He Luli (; 7 June 1934 – 19 March 2022) was a Chinese politician and paediatrician. She entered politics after practicing medicine for 27 years, serving as Vice-Mayor of Beijing, Chairwoman of the Revolutionary Committee of the Chinese Kuomintang, Vice Chairperson of the Chinese People's Political Consultative Conference, and Vice Chairperson of the Standing Committee of the National People's Congress.

He Luli was the daughter of He Siyuan, the Kuomintang mayor of Beijing who negotiated the peaceful surrender of the city to the Chinese Communist Party near the end of the Chinese Civil War.

Early life

He Luli was born on 7 June 1934, in Jinan, Shandong, China. Her father He Siyuan was the French-educated education minister of Shandong Province, and her mother was a Frenchwoman who adopted the Chinese name He Yiwen (). He Luli had two older brothers and a younger sister.

After Japan invaded China in 1937, He Siyuan led a guerrilla operation in Shandong to fight the enemy. He sent his wife and four children to live in the British concession in Tianjin. After the Pacific War broke out in December 1941, Japan occupied the British concession and Yiwen moved the family home to Tianjin's Italian concession. On 31 December, the Italian authorities arrested Yiwen and the children and handed them to the Japanese, who held them as hostages and demanded He Siyuan's surrender. He rejected the demand, condemned Japan and Italy's breach of international law through diplomatic channels, and held Italian missionaries in China as a bargaining chip. Japan eventually relented and released the family.

After the end of World War II, He Siyuan served as Mayor of Beijing (then known as Beiping). During the ensuing Chinese Civil War, he negotiated with the Communists for the peaceful surrender of Beiping. To prevent the surrender, Chiang Kai-shek sent agents to assassinate him. In the early morning of 18 January 1949, two bombs exploded in the He residence, killing Luli's 12-year-old sister Lumei () and gravely injuring her mother. The rest of the family were also wounded. The Juntong agent who planted the bombs, Colonel Duan Yunpeng, was captured in 1954 and executed in 1967.

Career
After the establishment of the People's Republic of China, He Luli studied medicine at Beijing Medical University (now Peking University Health Science Center) from 1952 to 1957. Starting in 1957, she worked as a doctor for 27 years at Beijing Children's Hospital, Xicheng District Children's Hospital, and Beijing No. 2 Hospital.
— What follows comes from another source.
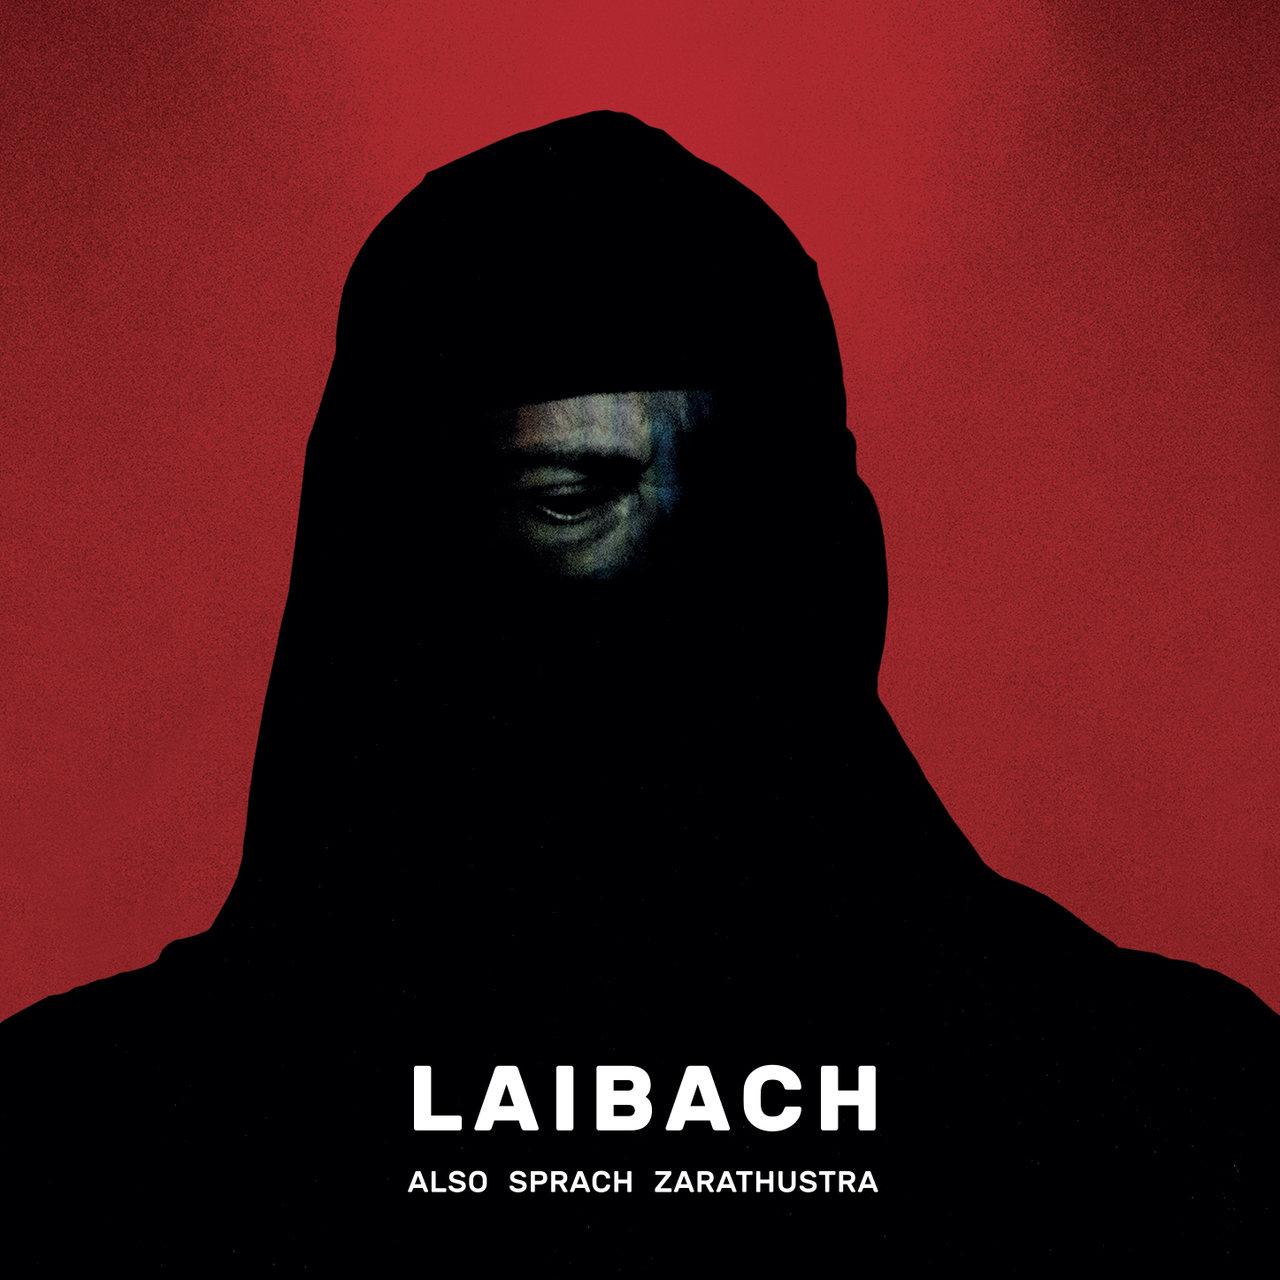 LAIBACH_AlsoSprachZarathustra_cover_Easy-Resize.com_.jpg

He Luli entered politics in 1984, when she was appointed Deputy Mayor of Xicheng District of Beijing. She joined the Revolutionary Committee of the Chinese Kuomintang (RCCK) in April 1986. She was promoted to Deputy Mayor of Beijing in 1988, and served in that position until 1996. She also concurrently served as President of the Beijing Red Cross Society. In 1993 she was elected Vice President of the All-China Women's Federation.

In 1996 she was elected Chairwoman of the RCCK, replacing Li Peiyao, who had been murdered. She was reelected twice in 1997 and 2002, serving until 2007. She also became Vice Chairperson of the Chinese People's Political Consultative Conference (CPPCC) in March 1996.

In March 1998, she was elected Vice Chairperson of the Standing Committee of the National People's Congress. She was reelected in March 2003, serving until 2008.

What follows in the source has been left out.